The presidential compulsion to do something

From Gordon Condon at National Journal:

[Presidents] virtually never move public opinion in their direction,” [presidential scholar George] Edwards tells National Journal. Citing polling numbers for six decades and multiple presidents, he says, “It happened for Ronald Reagan. It happened for FDR. It happens all the time. You should anticipate failure if you’re trying to change people’s minds. The data is overwhelming.”

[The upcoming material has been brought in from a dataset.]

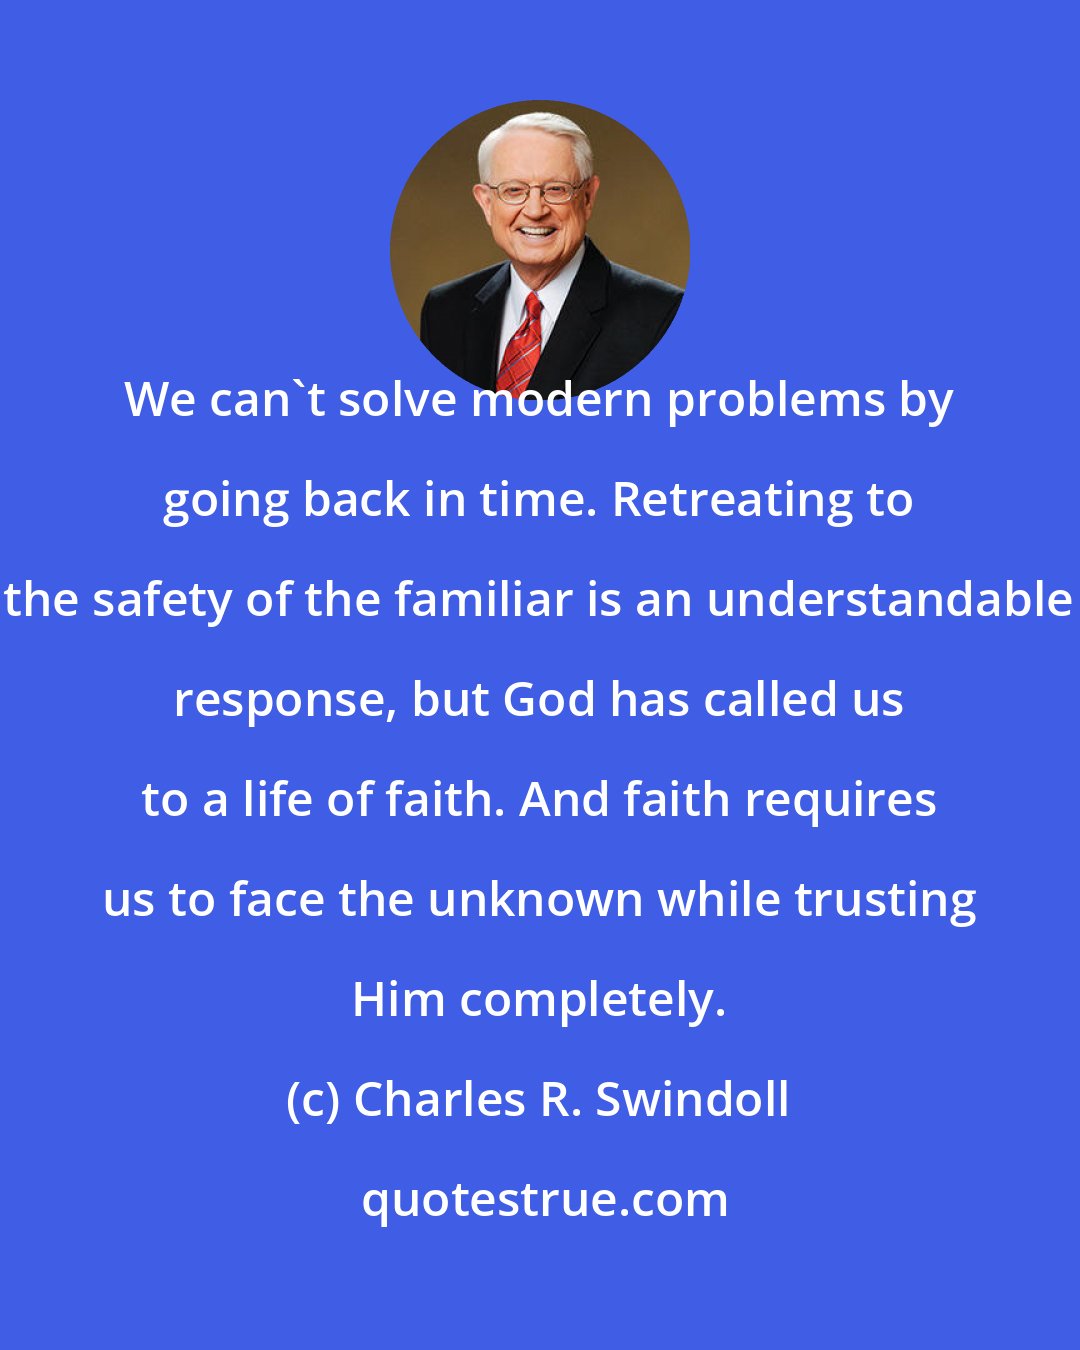 Charles R. Swindoll: We can't solve modern problems by going back in time. Retreating to the safety of the familiar is an understandable response, but God has called us to a life of faith. And faith requires us to face the unknown while trusting Him completely.

But that doesn’t change the presidential compulsion to do… something, even if it’s just giving (yet another) speech. And given the hosannas President Obama has been offered from the traditional media—hollow as they are—as our smartest president ever and a public speaker of great renown, circumstances are unlikely to change his future behavior, that is, when in doubt, give a speech. And yet, it isn’t working:

…four years of speeches have yet to gain solid public support for Obama’s health care overhaul. And the president’s many speeches on the sequester or on his jobs plan never won over the public, let alone members of Congress. “Now, he is doing it about guns,” Edwards says. “And he’s not going to have any more success…. Presidents just are not successful in changing people’s minds.”

So if the above is true, how difficult will it be to undo the economic and national security damage wrought by the President and his minions (and those who already have their minds made up)? And how are minds ever changed?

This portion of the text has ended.